His family needs him he jumps.
The pretty girl is available he is there.
Where is he when you need him?
Oh wait, he'll be around when he wants sex.
He gives you just enough to make sure that you will be willingly waiting in the sidelines.
Don't be fooled by his words if his actions tell a different story.
He's not buying yours when you say you won't sleep with him if he doesn't treat you right because that's exactly what you keep doing.

Shadowburn
Oct 10, 2010, 08:19 PM
"I ended up saying that he was acting selfish and that nobody with any self respect would ever put up with a situation like that and that it was offensive that he would even ask."

The problem I see here is that you say one thing and do something totally different. You suspicious that he is dating someone else - he takes them out and courts them, but then comes to your place for a late night booty call, and you let him. You are being treated with disrespect - he constantly cancels plans, don't make time for you etc. yet all you do is complain and do nothing about it.

Can't you see you're being used? And that anyone can say pretty much anything and with no actions to back it up, all his words are just noise?

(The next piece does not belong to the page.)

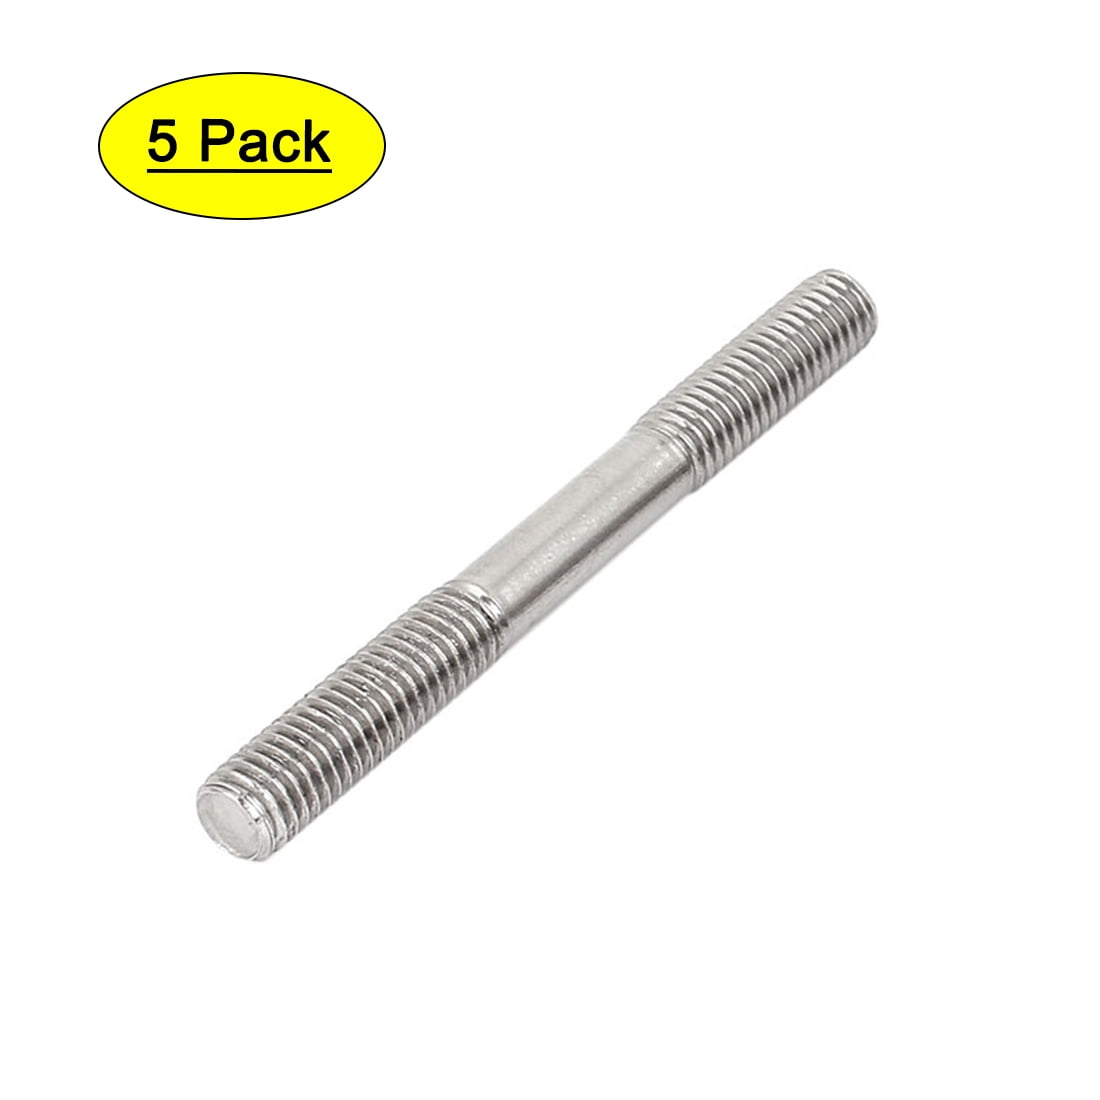 Double End 304 Stainless Steel Threaded Rod Stud 1" x 23" Coarse Thread 
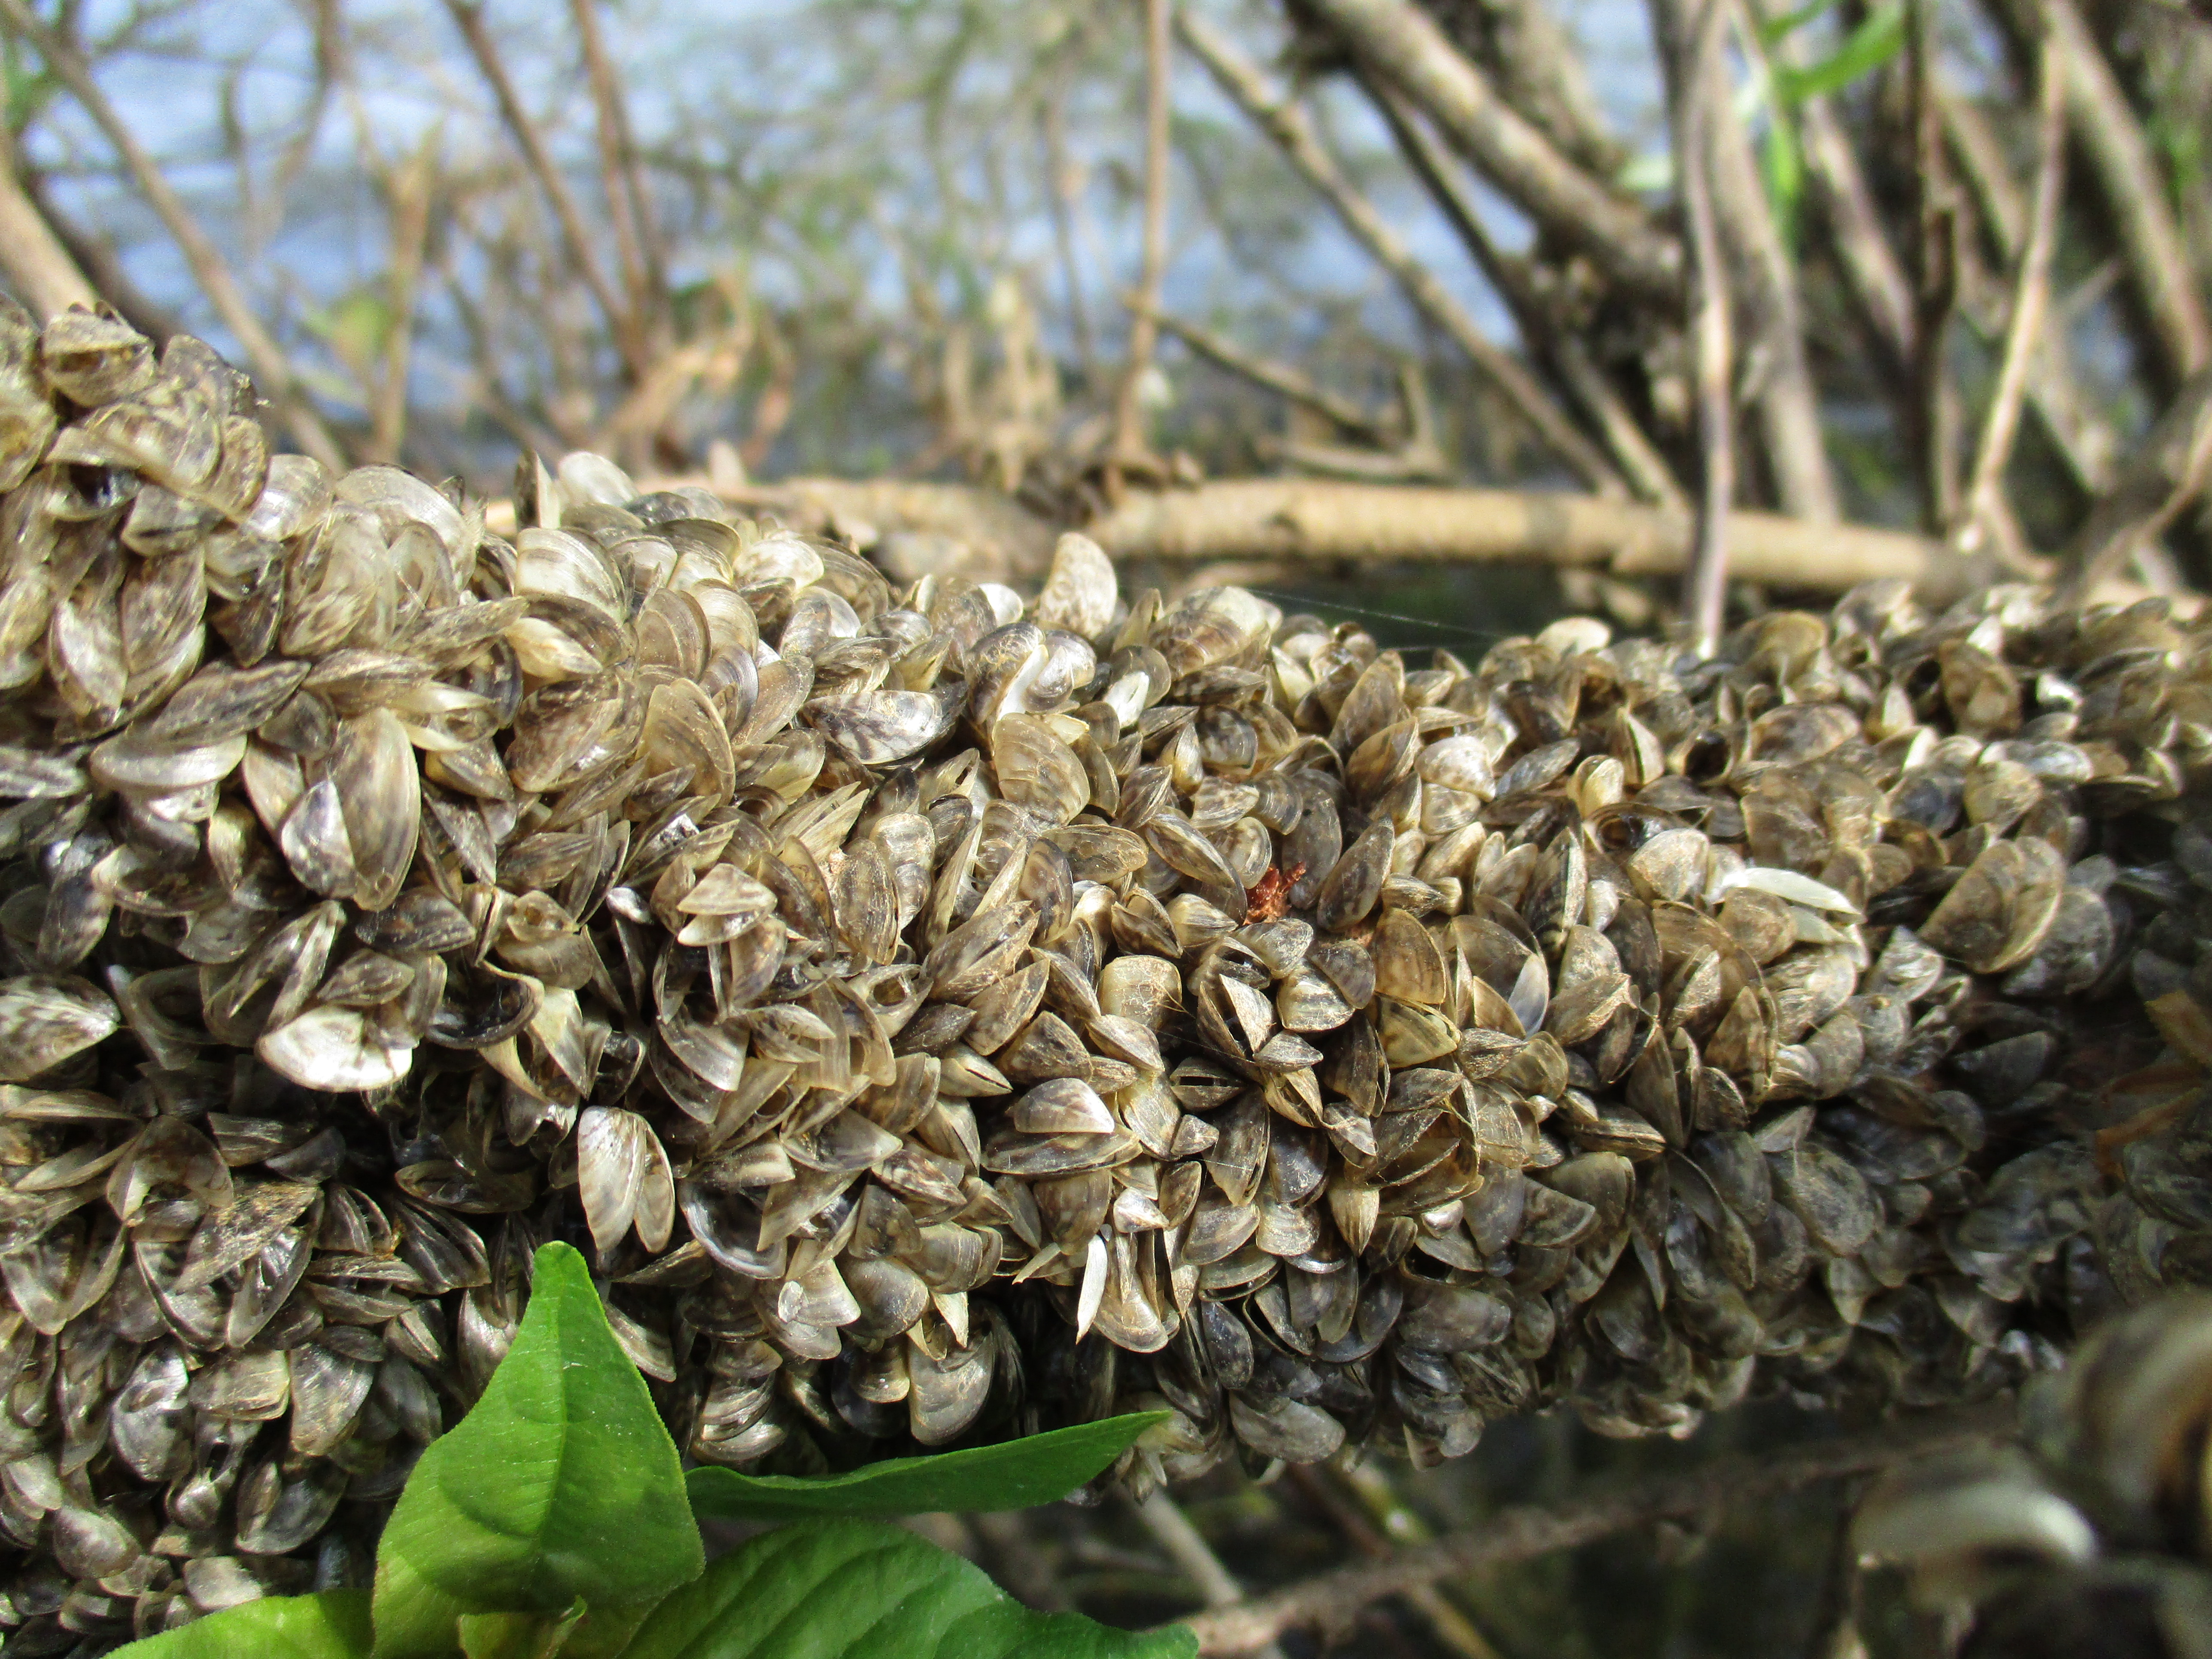 Lower half of the photo dominated by a close up a tree limb covered with zebra mussels

He ended it 6 months ago, and don't fool yourself thinking that you are back together. You're not in relationship. Please stand up for yourself and end it. You wasted too much time on this nonsense already.

Good luck.

pienunee
Oct 14, 2010, 03:44 AM
I agree with shadowburn and QLP you have to run away from that situation your just wasting your time with an ******* like him... he's just using you, what if he find somebody new? What will you do?

Do yourself a favor, stay away from him... start doing NC... it will help you a lot...
To be honest with you I've been in that situation and soon realized that I don't deserve to be stressed like that...
SELF RESPECT is the key... love yourself... you can do it!!

GOODLUCK AND GODBLESS...
PRAY ALL THE TIME :)

Jem2000
Oct 14, 2010, 12:32 PM
Hey everyone! Thanks for taking the time to read and respond to my rather lengthy post... thanks for being so blunt and honest. Although it hurts to hear, it is the wake up call that I need.